New York’s Hellessy (one of one), Boss (one of one) and Simon Miller (one of one) also hit 100 percent as did A.P.C. (one of one) in Paris.
When it came to more traditional runway shows and larger presentations, Osman Yousefzada achieved 90 percent diversity (19 of 21). A few shows in New York, London and Paris reached the over 80 percent diversity mark. Kim Shui had 89 percent nonwhite models (33 of 37), Kenneth Ize had 83 percent (10 of 12), Fashion East had 81 percent (25 of 31) and Prabal Gurung had 81 percent (38 of 47).
Boss x Russell Athletic had the most diversity in Milan with 67 percent nonwhite models (20 of 30), followed by Roberto Cavalli with 66 percent (29 of 44) and Tod’s with 63 percent (26 of 41).

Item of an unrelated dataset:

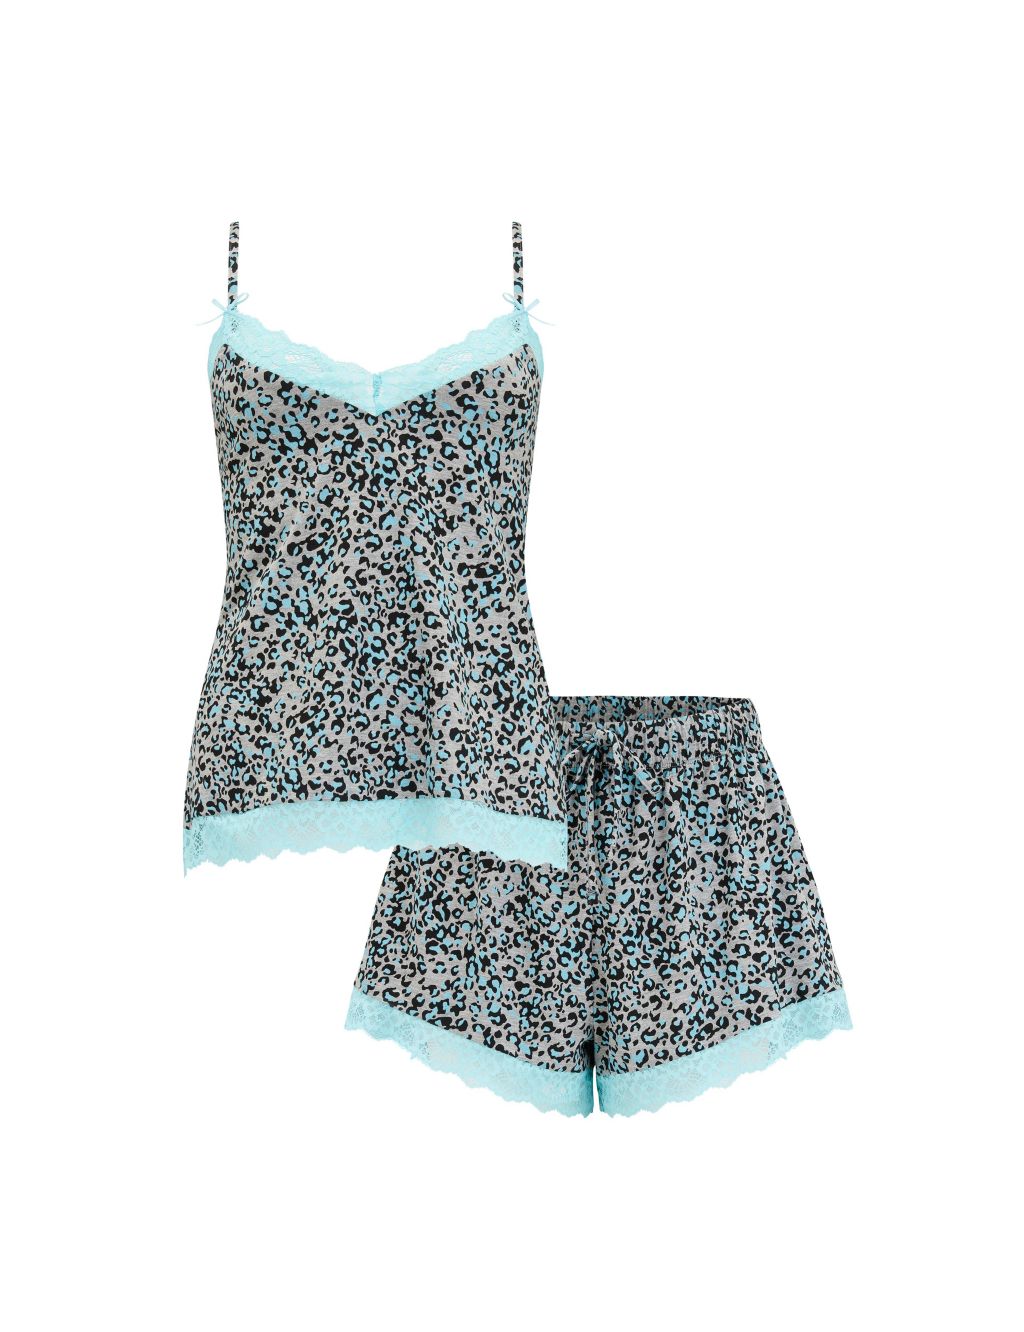 Sofa Loves Lace Jersey Camisole Set 1 of 5

In terms of least diverse, Sachin & Babi, Sharon Wauchob, Undercover, Philipp Plein and Mila Schon had 0 percent diversity with zero out of two models of color. Maison Rabih Kayrouz, Vivienne Hu, Zero + Maria Cornejo, Les Copains, Bally, Krizia and Gabriele Colangelo also had 0 percent diversity with zero out of one models of color.
Etam had one of the largest groups walking the runway, but only had 27 percent nonwhite models (18 of 66). Bora Aksu had 32 percent (8 of 25), while Yohji Yamamoto had 29 percent (9 of 31), Dennis Basso had 27 percent (6 of 22), Rokh had 26 percent (10 of 39) and Maison Margiela with 25 percent (1 of 4). Coming in at less than 20 percent diversity were Libertine with 17 percent (1 of 6), Laura Biagiotti with 12 percent (3 of 26), Vivetta with 10 percent (1 of 10) and Zadig & Voltaire with 6 percent (1 of 16).
In closing, it’s important to keep the pandemic in mind when assessing our findings. Still, smaller shows and presentations shouldn’t be justification for brands to hire less diverse casts. With all that said, it was heartening to see a sustained upward increase in racial diversity this season over last season. And although size, age and gender diversity haven’t been able to meet or surpass previously held highs, they’ve at least begun to rebound.
Additional reporting by Mark E.
Only women and non-binary models are included in this data. Models of color are categorized as those who are nonwhite or of mixed backgrounds.